If this was all that he ever did, JW Fletcher could be said to have led a full life. But that’s not all.

 

 

One of John and Anne’s sons was John William Fletcher (1884-1965), who, like his grandfather Sir John Rolt, was a parliamentarian, Nationalist member for Port Curtis in Queensland from 1920, when he won the seat from the sitting ALP member, George Carter, to 1923 when Carter retook the seat. While the University Club’s Report of 1878 had predicted incorrectly that John Walter Fletcher would be an intercolonial player, John William did represent his State. In 1909-10, he played three games for Queensland, twice against NSW and once against Victoria. In his second game, in Sydney, he made a stylish 47 but his other five innings produced only 50 runs and the game against Victoria in Brisbane in February 1910 was his last first class game (and Bert Ironmonger’s first, in a career that lasted until 1936 when he was aged 55). He was appointed OBE in 1941.

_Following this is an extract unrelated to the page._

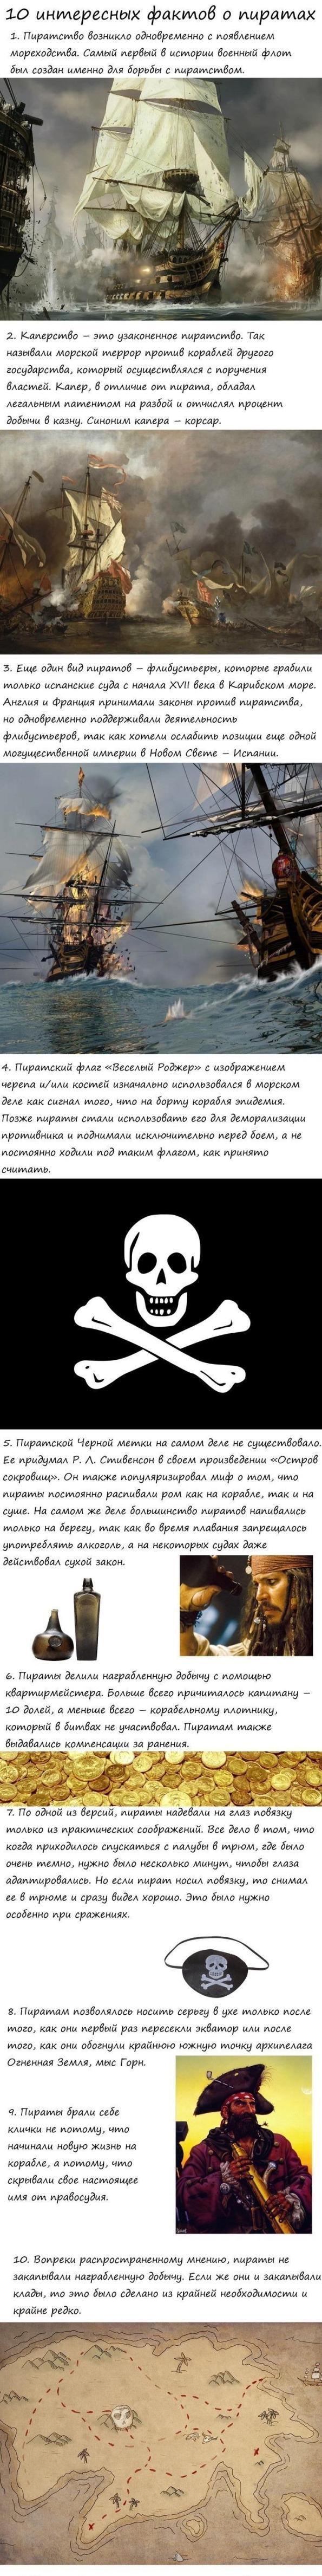 Десятка интересных фактов о пиратах

Of John and Anne’s daughters, one, Nora Kathleen, worked in England and France during the Great War in charge of the first batch of Red Cross nurses, matron in chief of the British Red Cross. She was awarded the CBE in 1920. Another daughter, Anne Judith (1886-1971), was a well-known photographer with studios in George St in Sydney.

 

Finally, this remarkable man, John Walter Fletcher, whose career illustrates much about Australian colonial life, is known as “the father of Football in Australia.” Philip Mosely has written a significant history, Soccer in Australia 1880-1980, and a biographical sketch of John Walter Fletcher. Mosely reports that on 3 August 1880, Fletcher was elected honorary secretary of the committee set up to form an ‘Association Rules’ football club. He then arranged for the first match to take place eleven days later. Mosely writes:

                                  “Although others had been involved in the foundation years of soccer in Australia, Fletcher stands central to the key developments.”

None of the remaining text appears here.